Plans to open a lap-dancing club next to a church have been held up after councillors raised concerns about the monitoring of private booths.
Chris Clegg wants to open Paradise Gentleman's Club in Hope Street, Hanley, from noon to 5.30am every
day.
Clegg applied for a licence for the venue after shutting down the 007 Gentleman's Club in Bryan Street several months ago. Up to £250,000 will be spent on transforming the former Fusion Bar which would create up to 14 jobs if plans get
the go-ahead.
But members of Stoke-on-Trent City Council's licensing sub-committee deferred the application to allow a site visit to take place. Committee chairman councillor Joy Garner said she was concerned about how the rule that customers
must stay at least 12 inches away from dancers would be enforced in the club's private booths.
Brian Wain, of Trentham-based Trent Licensing Consultants, who represented Clegg, told the meeting: There will be CCTV cameras inside and outside
the club but not in any of the private booths.
Nutters of the Bethel Evangelical Church have predictably vowed to stop the club opening next door. Church trustee Neville Gould said: We run a Sunday School and a Thursday night club for
young children at the church. We just don't want this kind of thing going on next door.
Carl Kirkham, who is also a trustee of the church, added: If a licence for a lap dancing club is granted it will result in increased noise and
encourage inappropriate behaviour outside the premises.
Stoke on Trent's latest lap-dancing club is to open its doors later this year - next door to a church.

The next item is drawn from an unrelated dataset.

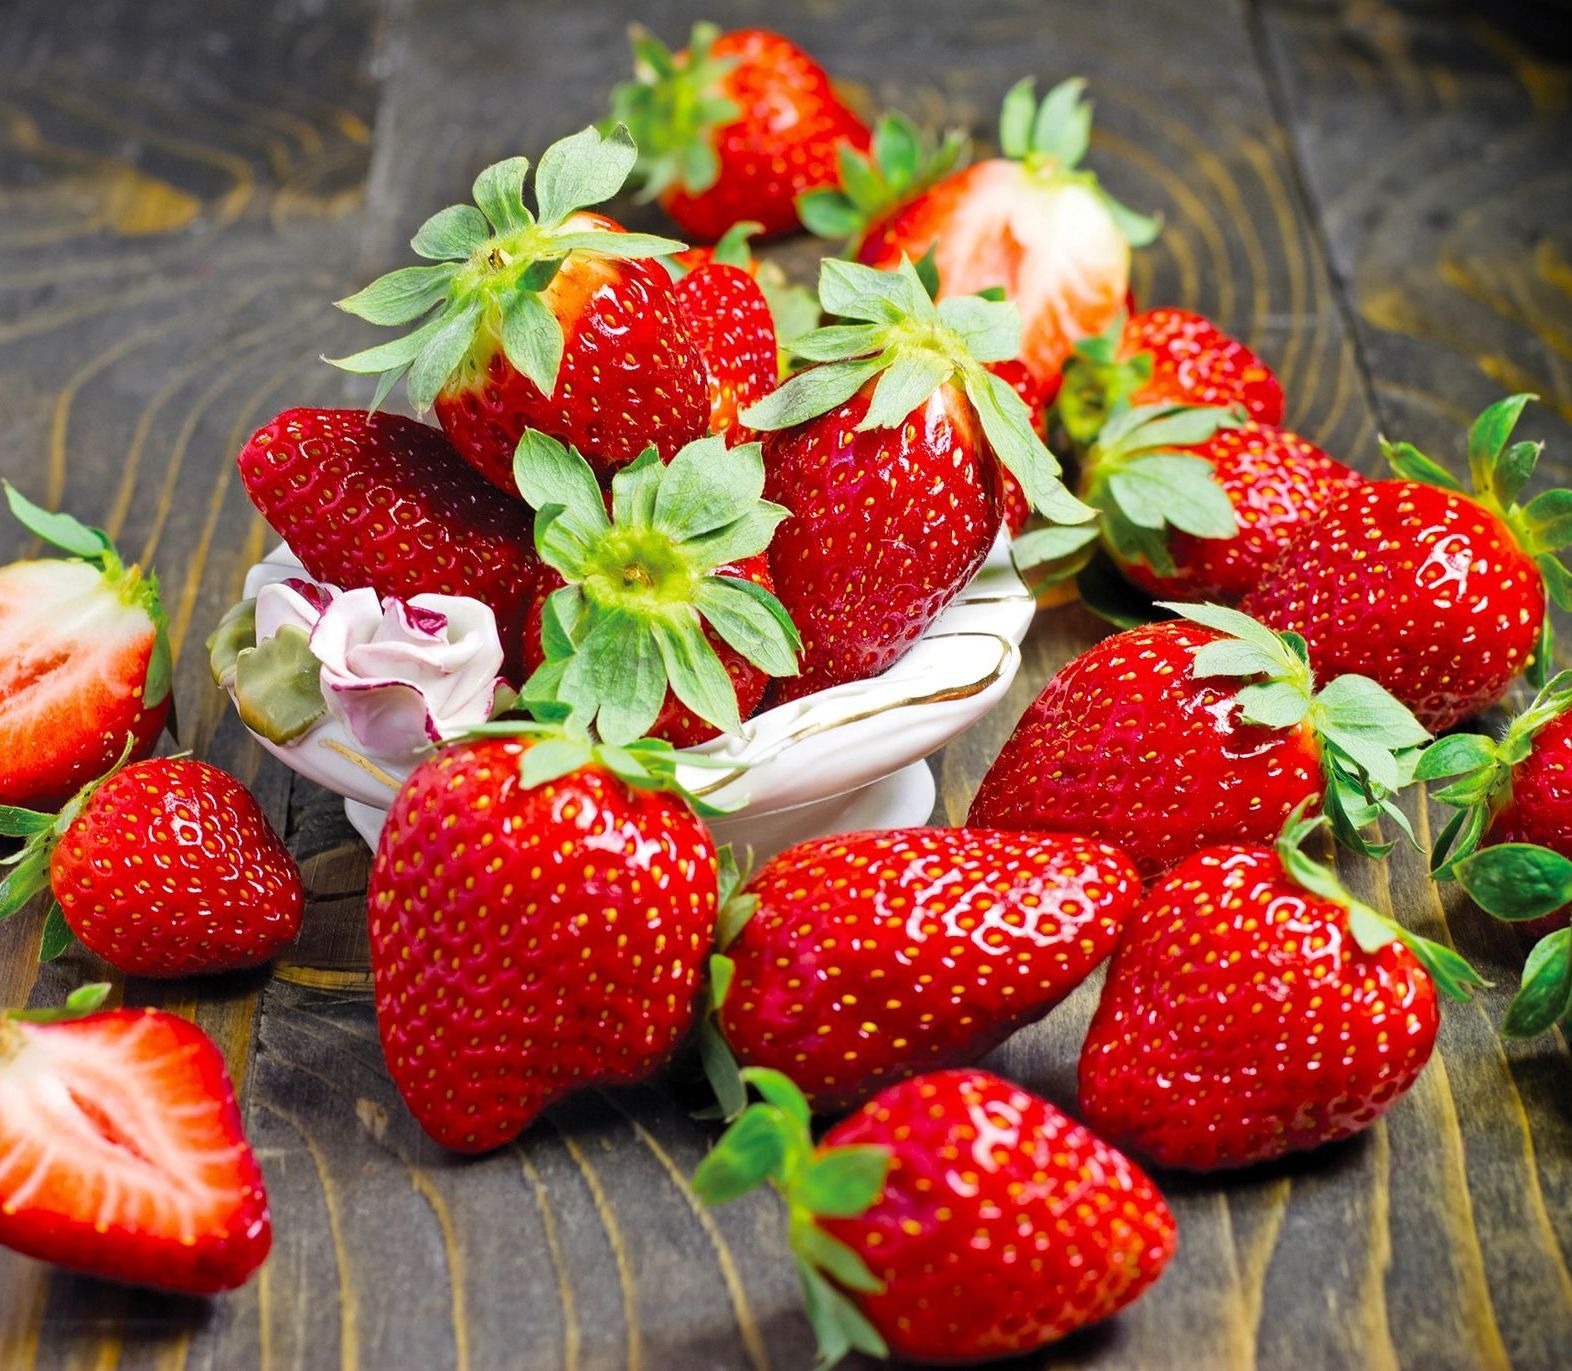 Strawberry, raspberry, & blueberry plants for sale

Councillors approved plans for the Paradise Gentleman's Club, in Hope Street, Hanley, despite protests from nutters of the neighbouring Bethel
Evangelical Church.
Businessman Chris Clegg, former owner of the Zanzibar nightclub in Newcastle, is to invest up to £200,000 in revamping the former Fusion Bar in an overhaul that will create around 10 jobs. Dancers working in the venue
will be self employed, meaning the 10 roles on offer are for bar staff, management, and security.
Neville Gould, trustee of Bethel Evangelical Church, said: It's totally incompatible to have a lap-dancing club next to a church. Would you let
your children or grandchildren go to a youth club next to a lap-dancing club? We would have to think about ending the club.
Gould added: We noticed an increase in problems after Bar 360 had a lap-dancing licence and those problems have not
gone away and I fear the problems will increase again. We have experience of the problems that lap-dancing clubs result in.
There are four other premises in the Potteries with lap-dancing licences - ST1 and His And Hers, both located on
Trinity Street in the city centre; Heaven and Hell in Burslem, which is yet to open, and 007 Gentleman's Club which is currently closed. Lace Gentleman's Club in Newcastle has been operating since 2007.